Breaking In – A new show this season on FOX, Breaking In followed Bret’s character Cameron Price, a computer expert who is recruited by a security firm that specializes in breaking in to secure locations to test their existing security systems. In its brief run, the series sawCam pine over his beautiful co-worker Melanie, played by Odette Annable. The cast also included cash, a nerdy fanboy gadget expert, who was constantly dropping references to pop culture, including re-making the entire Star Wars trilogy starring him in every role. Christian Slater played Oz, the owner of Contra Security, the eccentric boss who was constantly manipulating the staff into doing whatever he needed. The show was full of funny and nerdy moments, including an office-wide Nerf gun fight that ends with Oz firing a very real arrow through the water cooler to break it up. Or cash having to face off against a Ninja Turtle at Comicon to retrieve a copy of Goonies 2, a movie they had been hired to protect. Apparently a victim of low ratings, the show only lasted a brief 7 episodes on FOX this season.

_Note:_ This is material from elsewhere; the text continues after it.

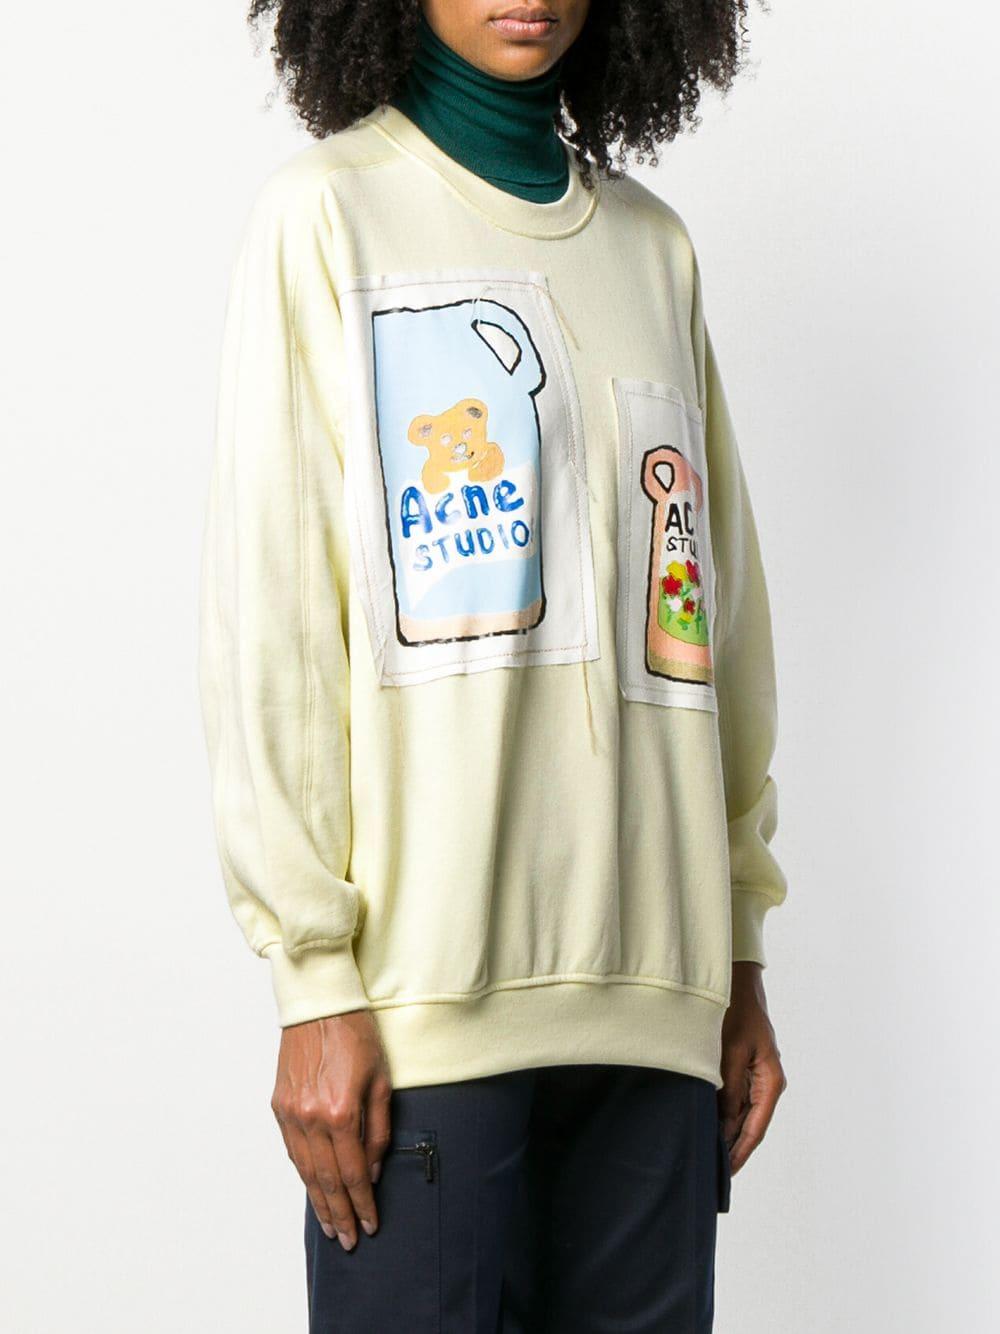 Acne Studios Grant Levy Lucero Stitched Patches Sweatshirt in Yellow | Lyst
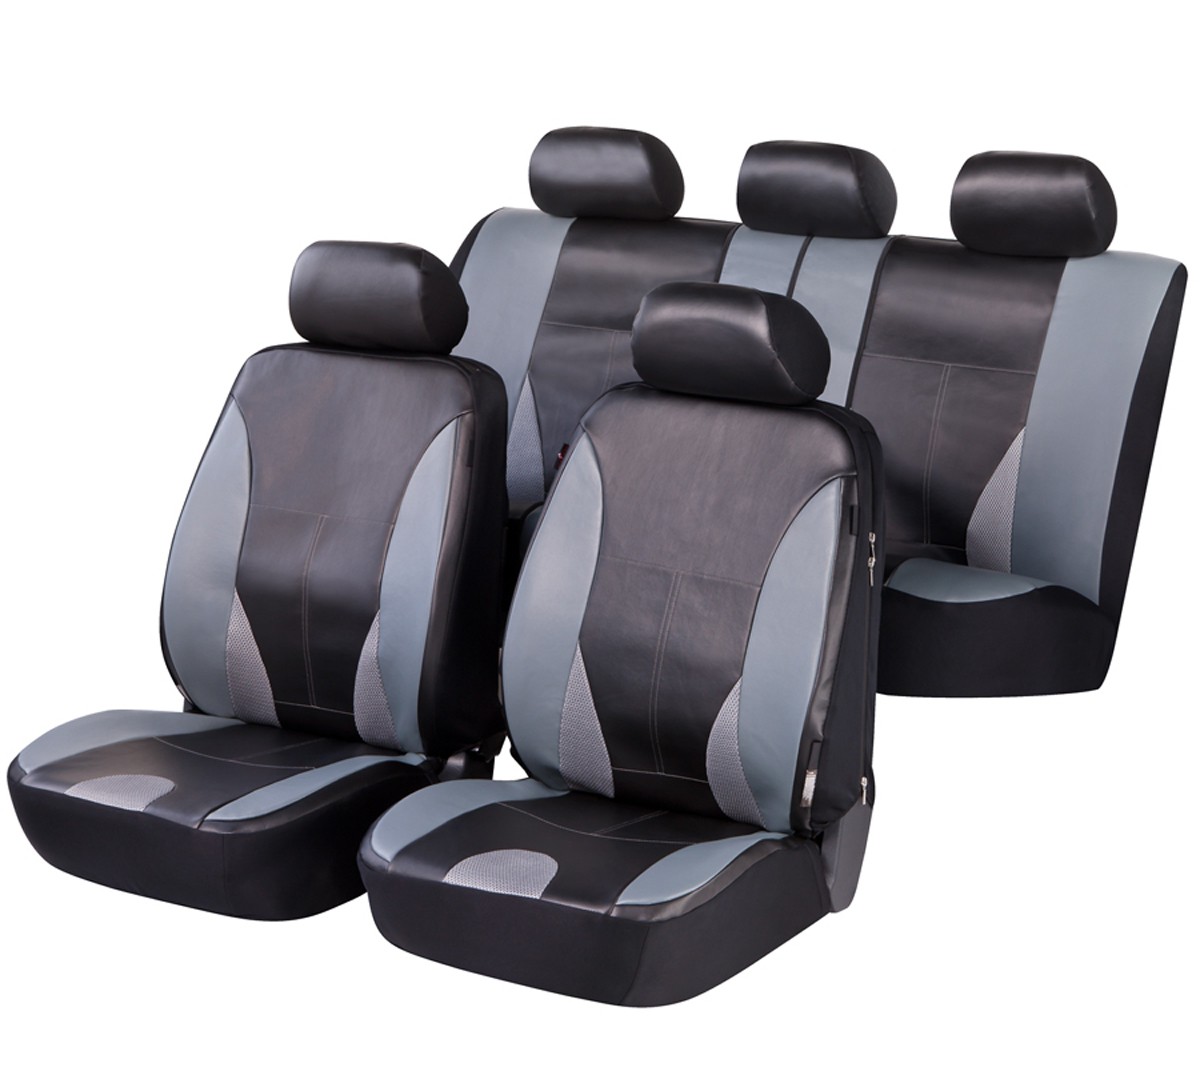 Hyundai i20 Car seat covers , Proven Quality carseatcovers24.co.uk

Three times now, (four if you count V) I have been burned by shows starring Bret Harrison, but I will keep tuning in whenever I see him in the cast of a new program. I hope the next one sticks, and America sees just how brilliant and funny a comedic actor Bret is.
I checked, all episodes of Reaper are available on Netflix instant watch, and the Loop is available on DVD from them as well. Do yourself a favor and check them both out.
Re-watch it With Your Kids: The Littles
As a parent, if you’re like me, you want to share things from your own childhood with your kids. As a child of the 80’s, I naturally wanted to share some of my favorite Saturday morning and after school cartoons with my boys. Unfortunately, many of the shows I remember fondly do not hold up well at all. My most glaring example of this was Voltron, which now I realize is terribly cheesy and badly written.
Imagine my surprise, then, when one of the shows I remember as pretty cheesy turned out to be much better than I remember. My wife started the boys watching the Littles, a show about a group of mouse-sized people who live in the walls of regular-sized people’s homes.
The Littles ran for three seasons on ABC on Saturday Mornings from 1983 – 1985, and had a movie, Titles Here Come the Littles in 1985. The main characters are a family of Littles, Including the young Tom and Lucy, their parents Frank and Helen, their older cousin Dinky and their Grandpa, imaginatively named Grandpa Little. They all live in the walls of the house of Henry Bigg, a human who accidentally discovered their existence, and has come to be a friend to them.
The show follows the Littles as they get into and out of all sorts of trouble. The real surprise to me, though, is the mature themes the series deals with fairly regularly. The Littles are often in danger of capture by a scientist named Dr. Hunter who is obsessed with proving their existence to the world. In one episode, the Littles help a little girl whose mother has a problem with prescription drugs by tricking her into thinking she’s hallucinating. In another, they are run out of their homes by giant evil-looking rats. They also deal with drinking, and in a later episode, a couple of guys who would be called terrorists today, who try to gas an entire art museum full of people. Later episodes see the Littles following the Bigg family (Henry’s parents are archeologists) on trips around the world.
The show is still aimed at children, of course, and more often deals with lighter themes, but it is refreshing to watch a show that doesn’t write for children as if they are all stupid, as so many of its contemporary shows did. Yes, it’s almost thirty years old, but I you have kids and want to share a bit of the 80s with them, check out the Littles on Netflix, the movie and all 29 episodes of the show are available to view instantly. My 3 and 5 year old boys can’t get enough of it.